Authen::Captcha - Perl extension for creating captcha's to verify the human element in transactions.

=head1 SYNOPSIS

  use Authen::Captcha;

  # create a new object
  my $captcha = Authen::Captcha->new();

  # set the data_folder. contains flatfile db to maintain state
  $captcha->data_folder('/some/folder');

  # set directory to hold publicly accessible images
  $captcha->output_folder('/some/http/folder');

  # Alternitively, any of the methods to set variables may also be
  # used directly in the constructor

  my $captcha = Authen::Captcha->new(
    data_folder => '/some/folder',
    output_folder => '/some/http/folder',
    );

  # create a captcha. Image filename is "$token.png"
  my $token = $captcha->generate_code($number_of_characters);

  # check for a valid submitted captcha
  #   $code is the submitted letter combination guess from the user
  #   $token is the submitted token from the user (that we gave them)
  my $results = $captcha->check_code($code,$token);
  # $results will be one of:
  #          1 : Passed
  #          0 : Code not checked (file error)
  #         -1 : Failed: code expired
  #         -2 : Failed: invalid code (not in database)
  #         -3 : Failed: invalid code (code does not match token)
  ##############

=head1 WARNING

The captcha produced by this module is rather weak compared to other modules available. You are advised to update to L<GD::SecurityImage>, which provides API-compatible interface in L<GD::SecurityImage::AC> module.

=head1 ABSTRACT

Authen::Captcha provides an object oriented interface to captcha file creations.  Captcha stands for Completely Automated Public Turing test to tell Computers and Humans Apart. A Captcha is a program that can generate and grade tests that:

    - most humans can pass.
    - current computer programs can't pass

The most common form is an image file containing distorted text, which humans are adept at reading, and computers (generally) do a poor job.
This module currently implements that method. We plan to add other methods,
such as distorted sound files, and plain text riddles.

=head1 REQUIRES

    GD          (see http://search.cpan.org/~lds/GD-2.11/)
    Digest::MD5 (standard perl module)

In most common situations, you'll also want to have:

 A web server (untested on windows, but it should work)
 cgi-bin or mod-perl access
 Perl: Perl 5.00503 or later must be installed on the web server.
 GD.pm (with PNG support)

=head1 INSTALLATION

Download the zipped tar file from:

    http://search.cpan.org/search?dist=Authen-Captcha

Unzip the module as follows or use winzip:

    tar -zxvf Authen-Captcha-1.xxx.tar.gz

The module can be installed using the standard Perl procedure:

    perl Makefile.PL
    make
    make test
    make install    # you need to be root

Windows users without a working "make" can get nmake from:

    ftp://ftp.microsoft.com/Softlib/MSLFILES/nmake15.exe

=head1 METHODS

=head2 MAIN METHODS

=over

=item C<$captcha = Authen::Captcha-E<gt>new();>

This creates a new Captcha object.
Optionally, you can pass in a hash with configuration information.
See the method descriptions for more detail on what they mean.

=over 2

   data_folder => '/some/folder', # required
   output_folder => '/some/http/folder', # required
   expire => 300, # optional. default 300
   width =>  25, # optional. default 25
   height => 35, # optional. default 35
   images_folder => '/some/folder', # optional. default to lib dir
   keep_failures => 0, # optional, defaults to 0(false)
   debug => 0, # optional. default 0

=back

=item C<$token = $captcha-E<gt>generate_code( $number_of_characters );>

Creates a captcha. Image filename is "$token.png"

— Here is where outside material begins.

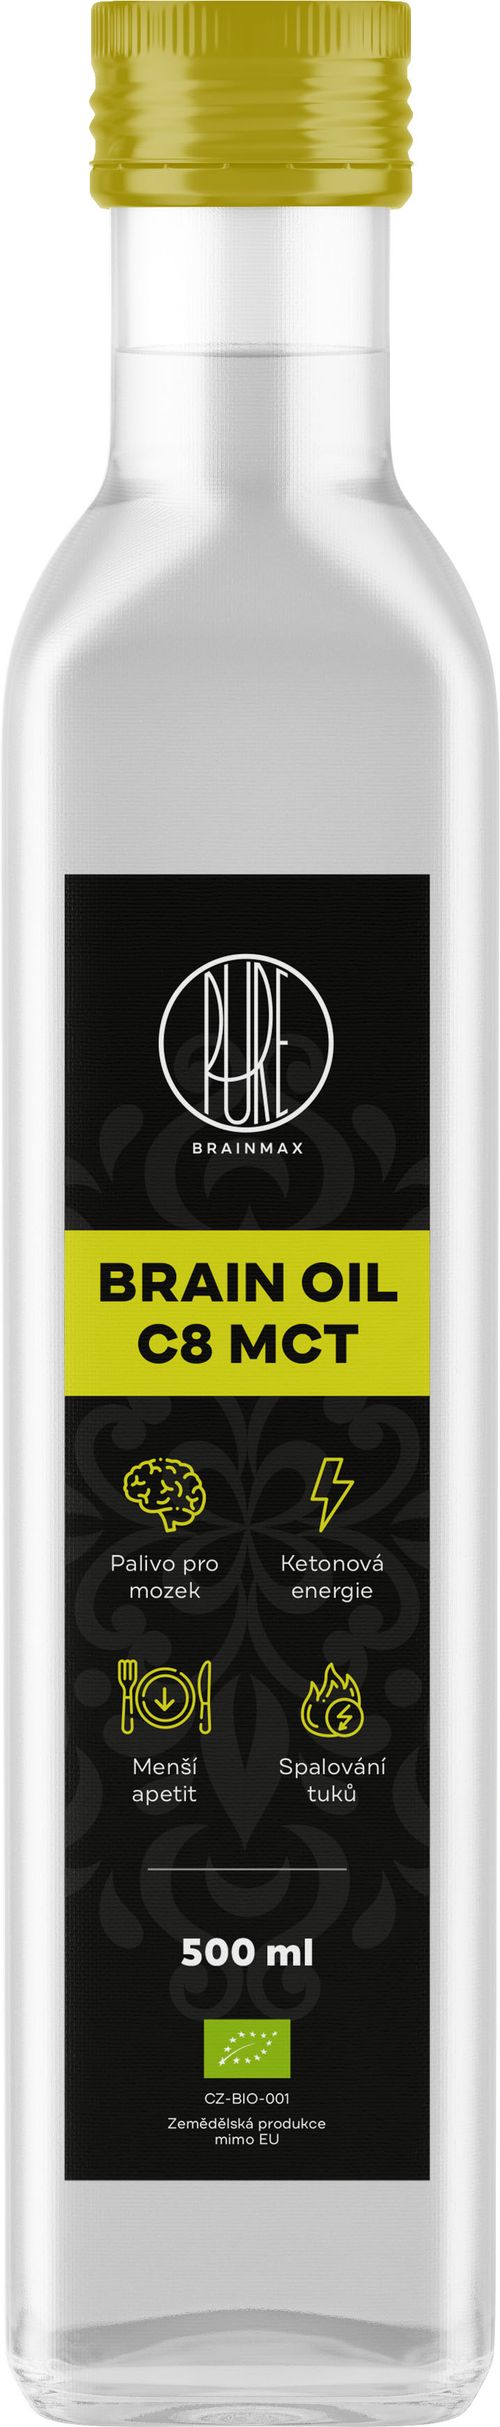 Brainmax Pure Brain Oil C8 MCT, 500 ml *CZ-BIO-001 certifikát
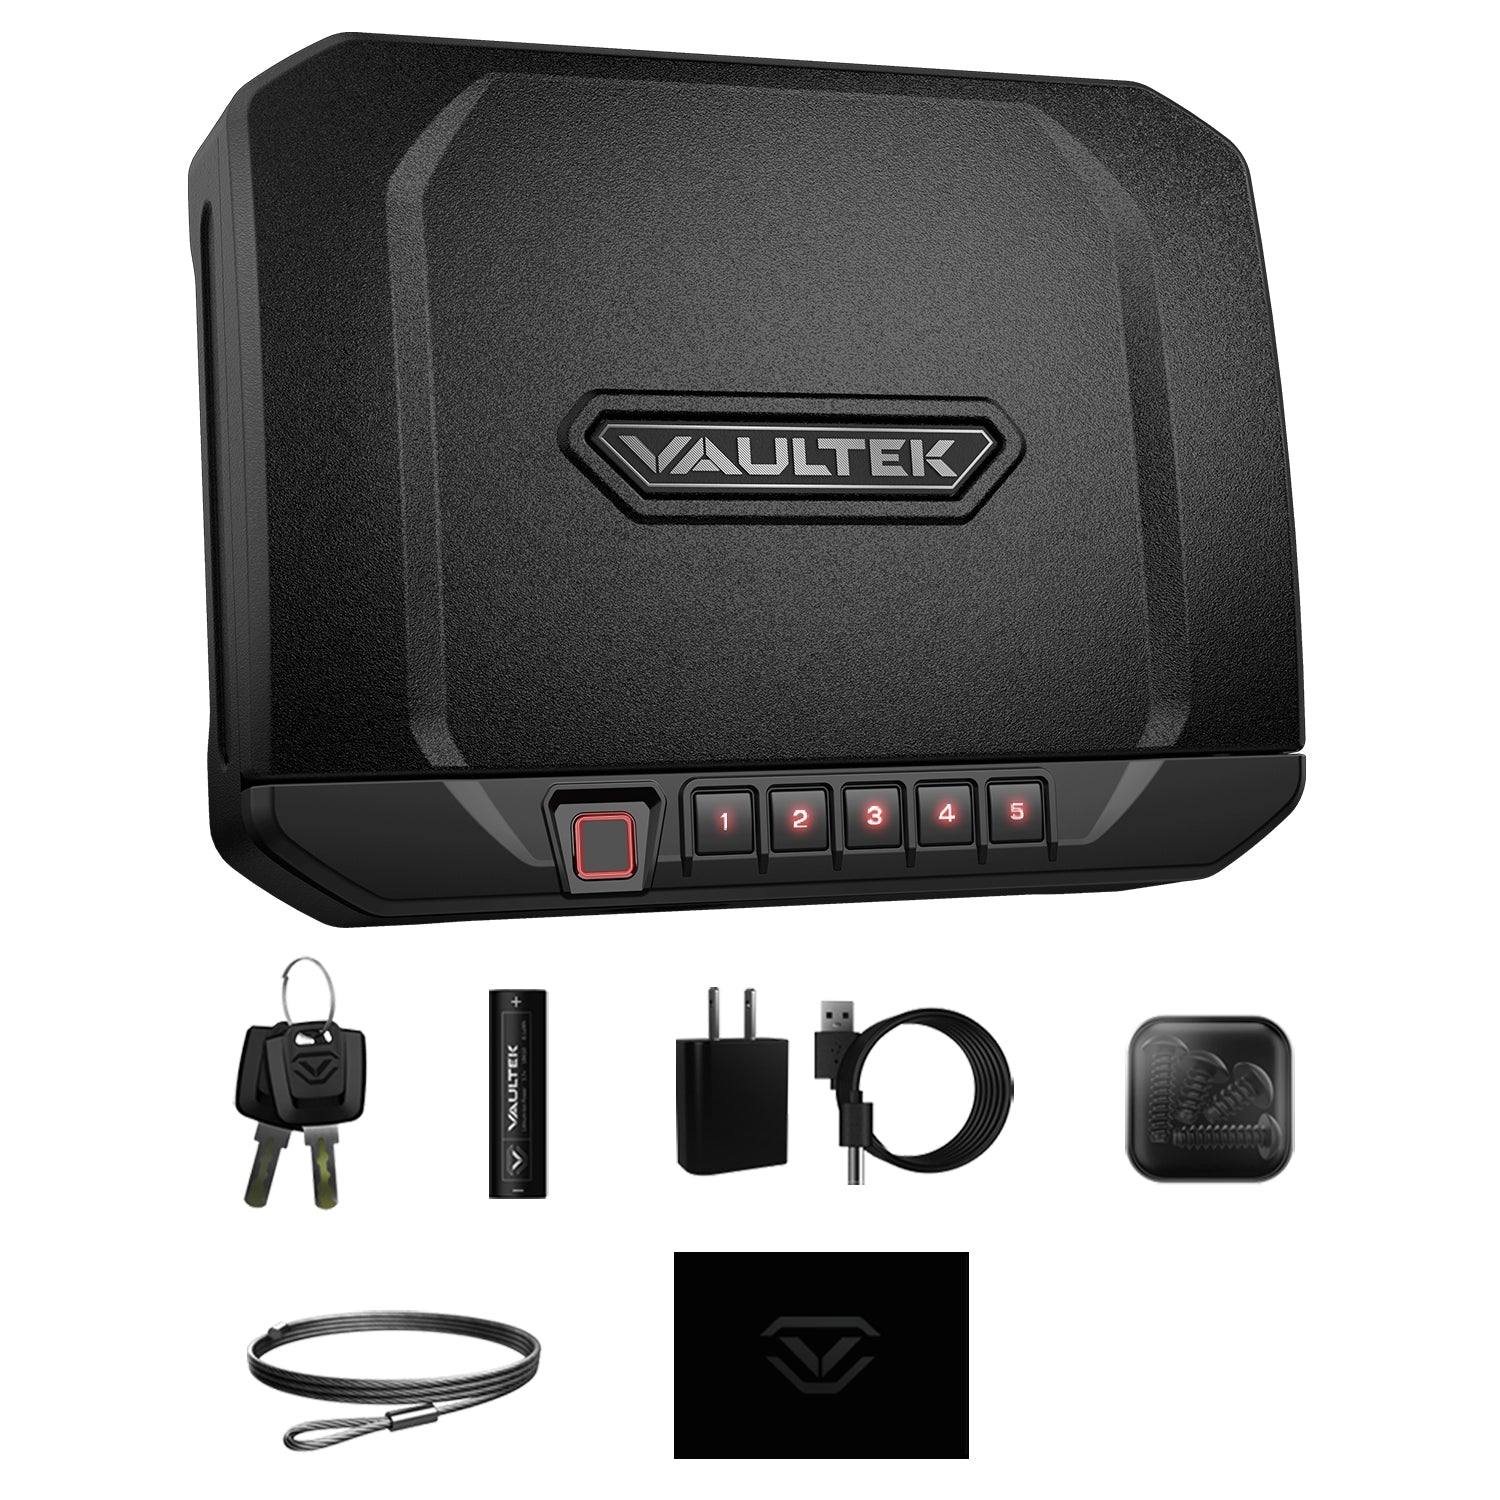 Vaultek VS10i Compact Biometric Bluetooth Smart Safe

It can also be called in array context to retrieve the string of characters used to generate the captcha (the string the user is expected to respond with). This is useful for debugging.
ex.

C<($token,$chars) = $captcha-E<gt>generate_code( $number_of_characters );>

=item C<$results = $captcha-E<gt>check_code($code,$token);>

check for a valid submitted captcha

$code is the submitted letter combination guess from the user

$token is the submitted token from the user (that we gave them)

If the $code and $token are correct, the image file and database entry will be removed.

If the $token matches one in the database, and "keep_failures" is false (the default), the image file and database entry will be removed to avoid repeated attempts on the same captcha.

$results will be one of:

    1 : Passed
    0 : Code not checked (file error)
   -1 : Failed: code expired
   -2 : Failed: invalid code (not in database)
   -3 : Failed: invalid code (code does not match token)

=back

=head2 ACCESSOR METHODS

=over

=item C<$captcha-E<gt>data_folder( '/some/folder' );>

Required. Sets the directory to hold the flatfile database that will be used to store the current non-expired valid captcha tokens.
Must be writable by the process running the script (usually the web server user, which is usually either "apache" or "http"), but should not be accessible to the end user.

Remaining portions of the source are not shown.